Bac en breton Breizh Europa

Photo RMN

Cette année, encore une fois, le pouvoir central va aligner les interventions grossières, brutales et ridicules pour empêcher des jeunes qui ont suivi la majeure partie de leur scolarité en breton d’utiliser cette langue dans l’épreuve de mathématiques au BAC, en Bretagne. Encore plus ridicule quand on sait que passer son épreuve de mathématiques au BAC est possible en langue basque, mais pour les Bretons, non, vous repasserez !

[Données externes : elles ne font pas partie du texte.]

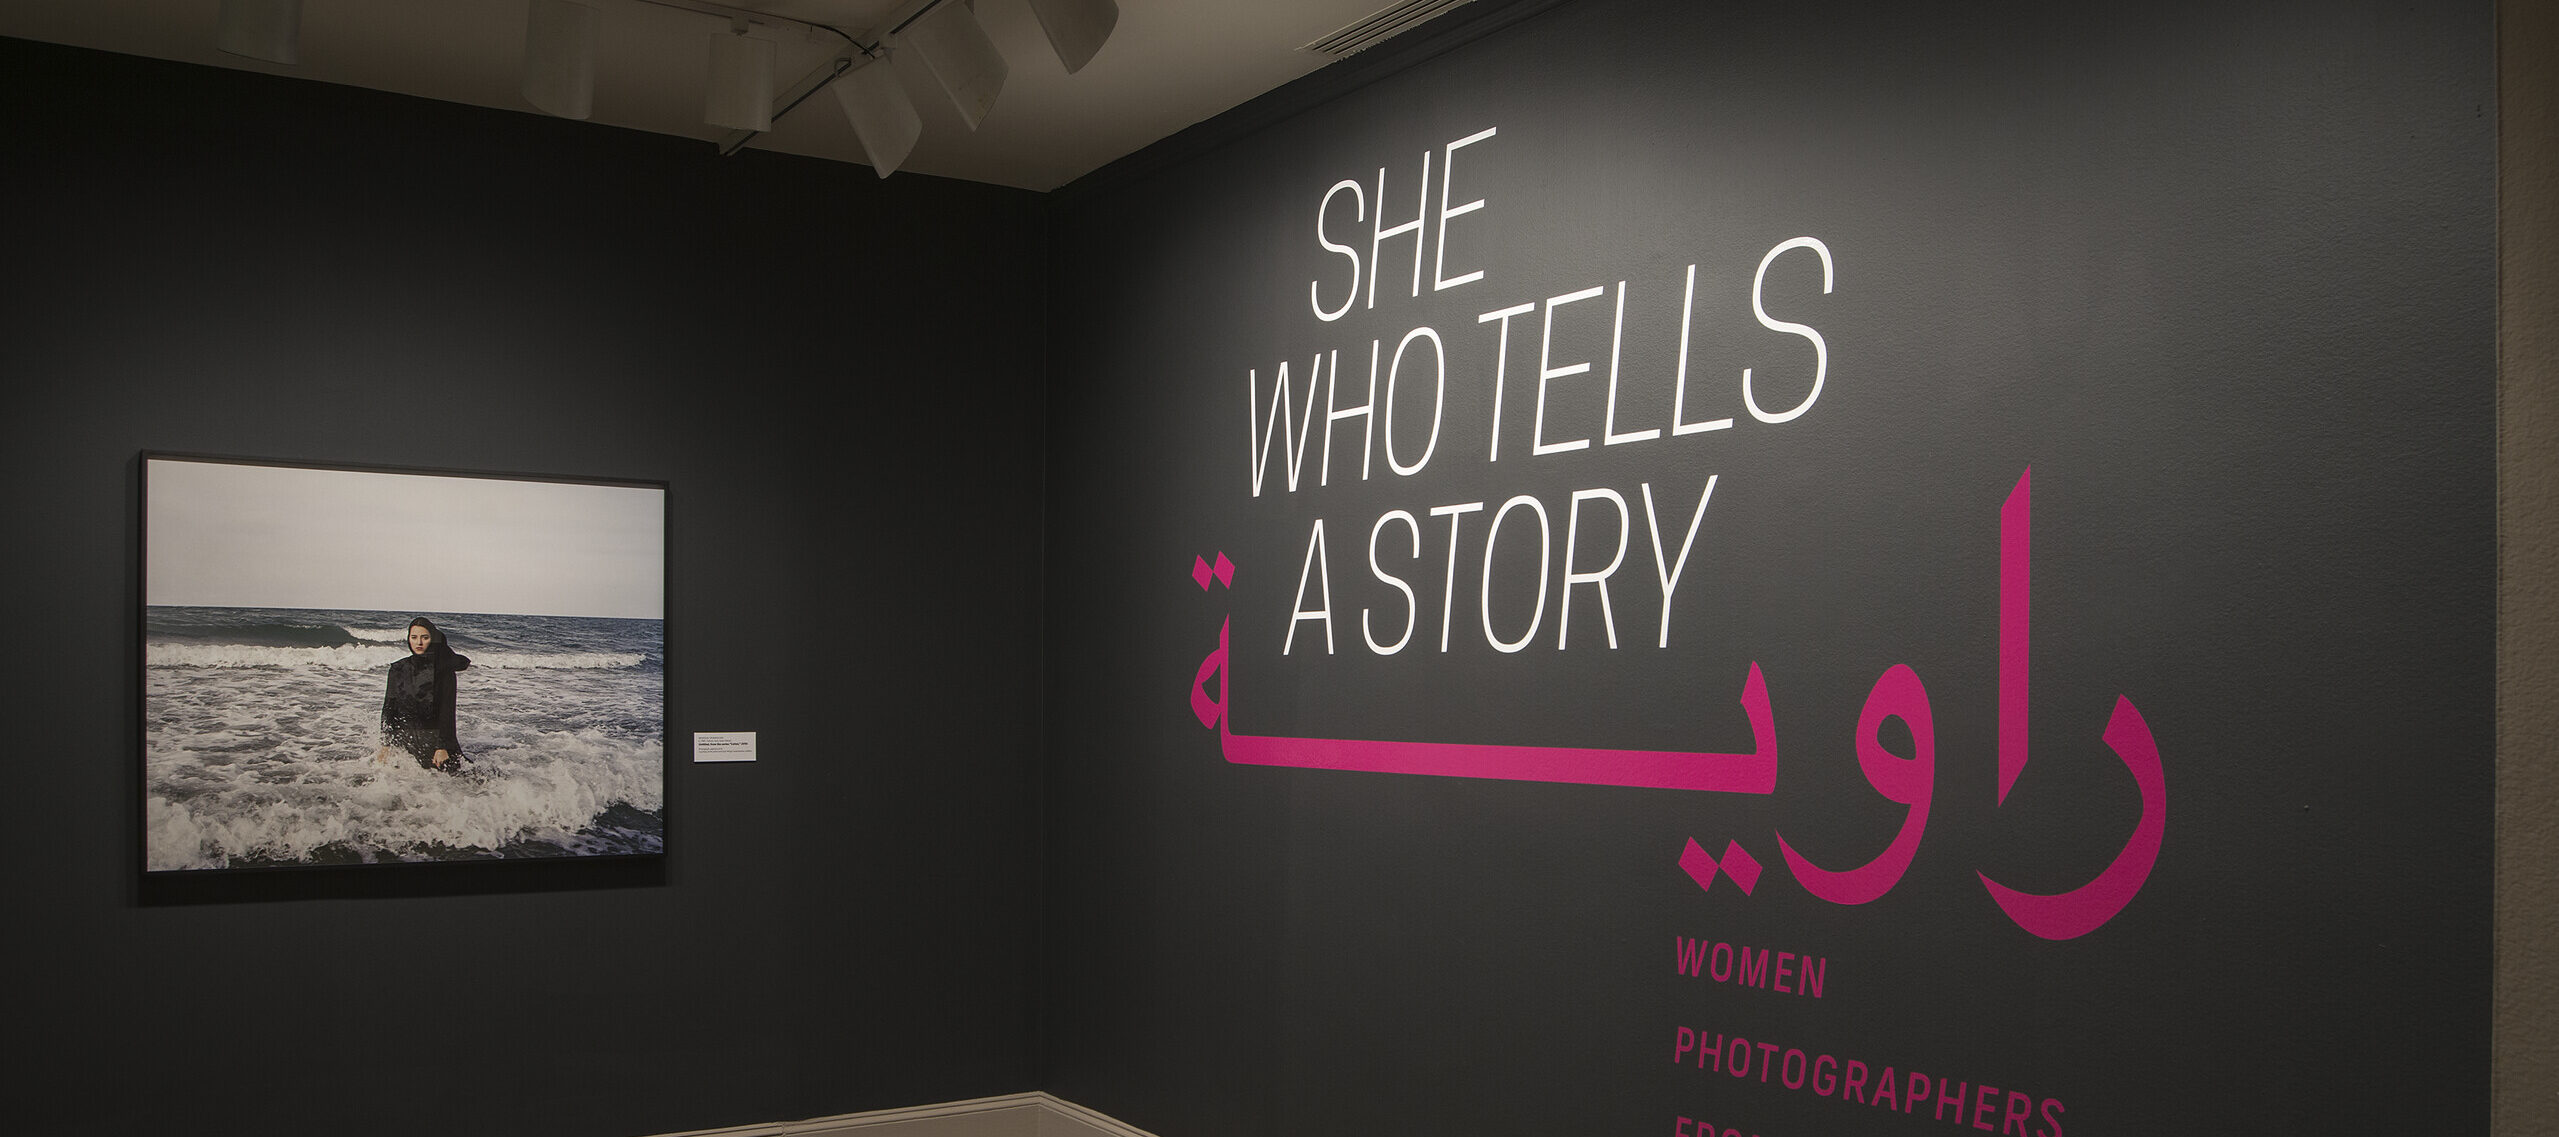 A gallery view of a black wall with a large photograph of a woman. The woman is wearing a long black dress and a head scarf. She is standing in the ocean, surrounded by waves. On the right wall is a text that says

L’incongruité de ce régime jacobin ne connaît pas de limites. Le temps a beau passer, les choses n’évoluent pas, mais la supercherie identitaire profonde qu’est cette République apparaît de plus en plus, au vu surtout de ce qui se passe ailleurs en Europe, et même dans le monde.

Ainsi, ce que la République exige, c’est bien que l’on parle partout la langue des Parisiens, car le français n’est pas autre chose qu’une langue codifiée dans les salons de la « ville lumière », parfois ornementée dans les châteaux de la Loire. Une langue qui a eu besoin d’une académie, créée sous Richelieu, pour que les personnes bien nées puissent l’imposer à tous les peuples de l’hexagone. Un territoire où le français était parlé à peine par un cinquième des habitants au 18ème siècle.

Cette langue est donc devenue un symbole politique, renforcé jusqu’à la vénération à la révolution, autant qu’un moyen d’échange : elle est le ciment d’une nation qui n’a pas beaucoup d’autres liens à mettre en avant, sinon un roman national trafiqué. Une langue française qui, continuant à s’imposer de force, est le dernier ciment de cette République qui ne fait plus nation depuis longtemps. D’où le zèle ridicule des jacobins systémiques de tous poils pour pourfendre tout ce qui remettrait en question le dogme des monolingues obsédés, des destructeurs d’espaces intérieurs.

Ailleurs en Europe, la Charte des langues minoritaires est presque partout appliquée, permettant à tout un chacun d’être bilingue ou trilingue au quotidien. Aux USA, une autre république « messianique » née sous les mêmes auspices que la république française, l’espagnol n’a eu aucun mal à s’imposer comme seconde langue officielle. Des USA où le navajo, une des langues originelles, est la langue la plus parlée après l’anglais et l’espagnol dans deux États, et où c’est le cas pour le français dans six États.

Alors, que doit-on faire ? Sinon faire craquer ce système vermoulu et obsolète, replié sur lui-même de façon mortifère. Ces jeunes sont la tête de pont.